0x0000 The Environment
Before We start, here are the tools and versions I used to deploy Kubernetes.
- kubeadm: v1.25.4
- cilium: v1.12.2
- helm: v3.10.2
- kube-router: v1.5.3
Here is my configuration for kubeadm, and I will explain the usage of the configurations I used.
kind: KubeletConfiguration
apiVersion: kubelet.config.k8s.io/v1beta1
cgroupDriver: systemd # Specify cgroup driver of kubelet,recommend systemd
---
apiVersion: kubeadm.k8s.io/v1beta3
bootstrapTokens:
- groups:
- system:bootstrappers:kubeadm:default-node-token
token: abcdef.0123456789abcdef
ttl: 24h0m0s
usages:
- signing
- authentication
kind: InitConfiguration
localAPIEndpoint:
advertiseAddress: 192.168.56.4 # the address for apiserver listening
bindPort: 6443
#nodeRegistration:
# criSocket: unix:///var/run/containerd/containerd.sock
# imagePullPolicy: IfNotPresent
# name: k8smaster0
# taints: null
---
apiServer:
timeoutForControlPlane: 4m0s
apiVersion: kubeadm.k8s.io/v1beta3
certificatesDir: /etc/kubernetes/pki
clusterName: kubernetes
controllerManager: {}
dns: {}
etcd:
local:
dataDir: /var/lib/etcd
imageRepository: registry.k8s.io
kind: ClusterConfiguration
kubernetesVersion: 1.25.4
# Recommand to set up controlPlane if you want to add apiserver for HA,
# and the cluster-endpoint is to use for the DNS parsed to the apiservers.
controlPlaneEndpoint: "cluster-endpoint:6443"
networking:
dnsDomain: cluster.local
# Specify the service CIDR range
serviceSubnet: 10.96.0.0/12
# Specify the pod CIDR range
podSubnet: 10.112.0.0/12
scheduler: {}
Usually, We can start to deploy Kubernetes using kubeadm, but unfortunately, as a Chinese developer behind the GFW, there are some obstacle to pulling the images. So I wrote the scripts to pull images from the domestic image mirror sources, and the scripts will rename images to the name that kubeadm used.

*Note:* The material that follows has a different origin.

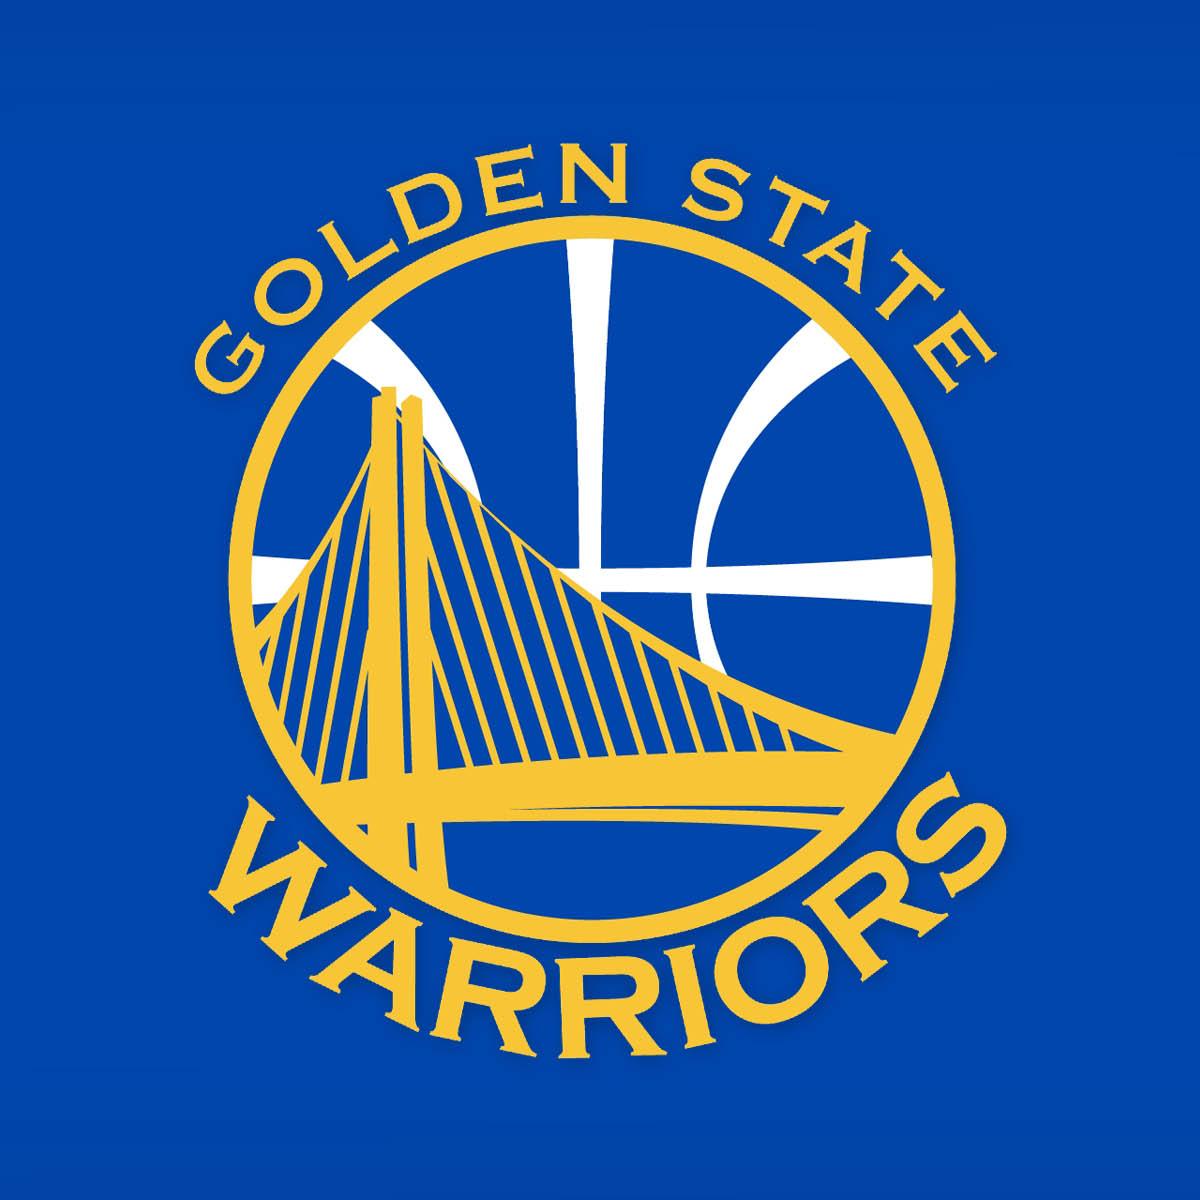 Golden-State-Warriors-Wallpaper2.png

After we install kubeadm, we can use kubeadm config images list
to show the images require for kubeadm. Here is my command execution result:
root@k8smaster0:~# kubeadm config images list
I1221 07:38:49.772660 1024 version.go:256] remote version is much newer: v1.26.0; falling back to: stable-1.25
registry.k8s.io/kube-apiserver:v1.25.5
registry.k8s.io/kube-controller-manager:v1.25.5
registry.k8s.io/kube-scheduler:v1.25.5
registry.k8s.io/kube-proxy:v1.25.5
registry.k8s.io/pause:3.8
registry.k8s.io/etcd:3.5.5-0
registry.k8s.io/coredns/coredns:v1.9.3
As you know, we have already installed containerd as Kubernetes runtime in the previous article. However, the usage of containerd is somewhat different from docker because containerd uses ctr
as a command line tool, and also, containerd has a namespace concept. If we use ctr
command without specifying namespaces, it will use the default namespace. However, the Kubernetes CRI use k8s.io
namespace. So if we want to pre-pull images, we need to put them into the correct namespace; otherwise, Kubernetes can not find the resources. Here are my commands to pre-pull images:
#Download the scripts for pulling images from China.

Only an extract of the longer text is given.